Trzaskowski był gotowy

Przypomnijmy, Rafał Trzaskowski swoją obecność potwierdził w poniedziałek 29 czerwca. „Polacy zasługują na poważną debatę . Kilka redakcji złożyło wspólnie taką propozycję. Panie Prezydencie, proszę się nie bać debaty poza TVP. Może tym razem nie będzie Pan znał pytań wcześniej, ale przynajmniej okaże elementarny szacunek wyborcom” – napisał na Twitterze.

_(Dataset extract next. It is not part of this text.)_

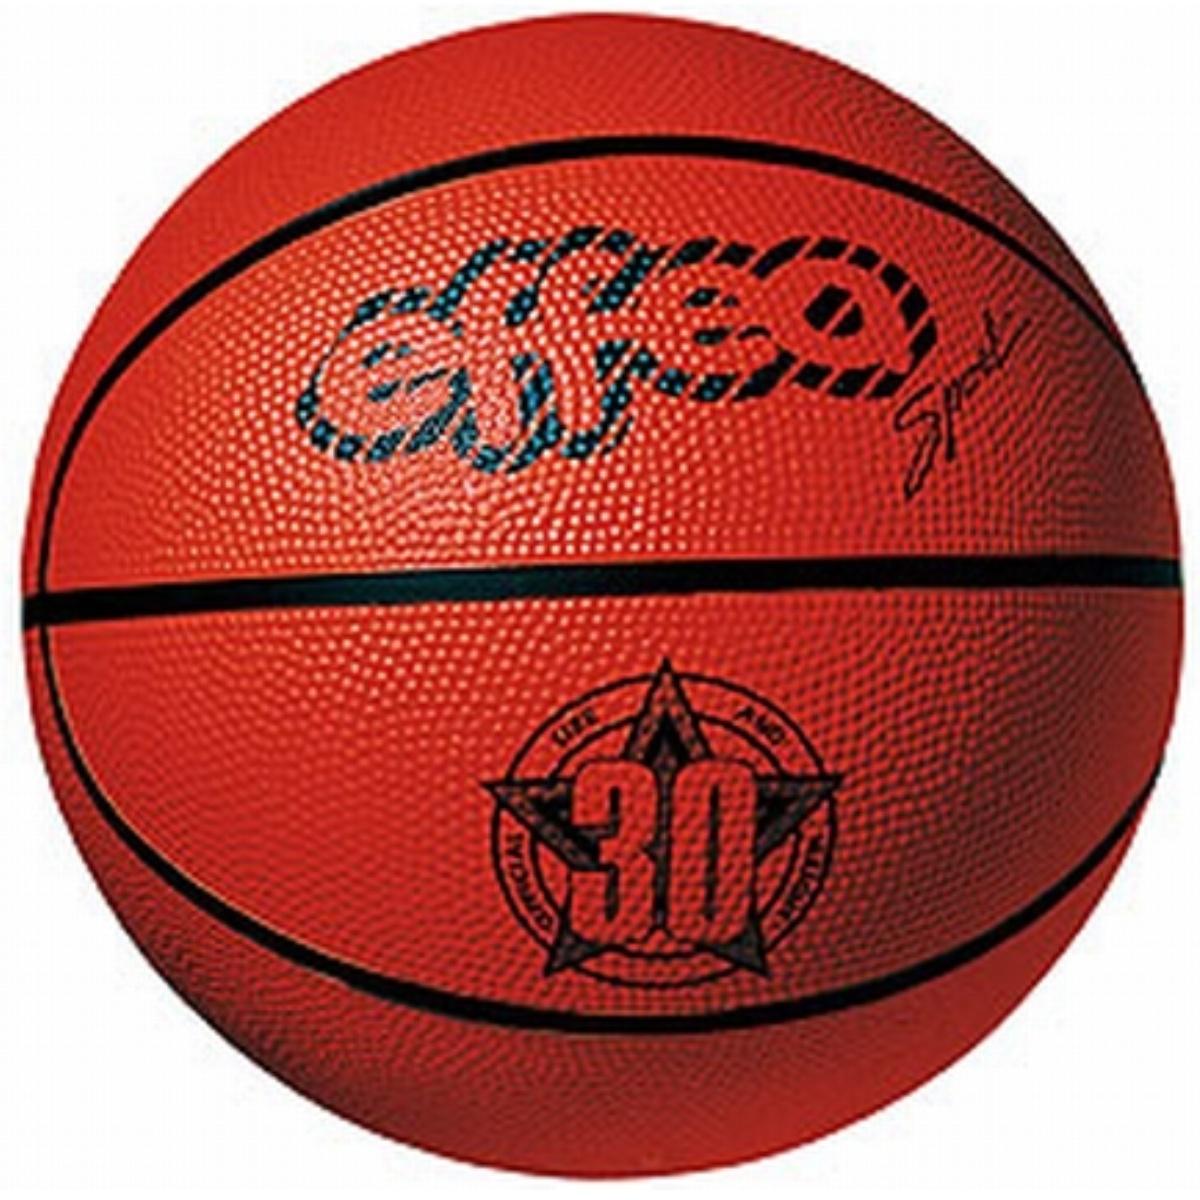 Basketbalový míč EFFEA Star 30

W środę 30 czerwca Andrzej Duda zamieścił na Twitterze wpis, w którym przedstawił swoją wizję dotyczącą debaty wyborczej. „Czas już skończyć z tą debatą o debacie. Debata powinna być dla wszystkich, a nie dla wybranych. Uważam, że trzy największe telewizje powinny się porozumieć, zrobić wspólnie debatę i doprosić inne media. To skończy debatę o debacie, niepotrzebne spekulacje i wzajemne oskarżenia” – napisał prezydent ubiegający się o reelekcję.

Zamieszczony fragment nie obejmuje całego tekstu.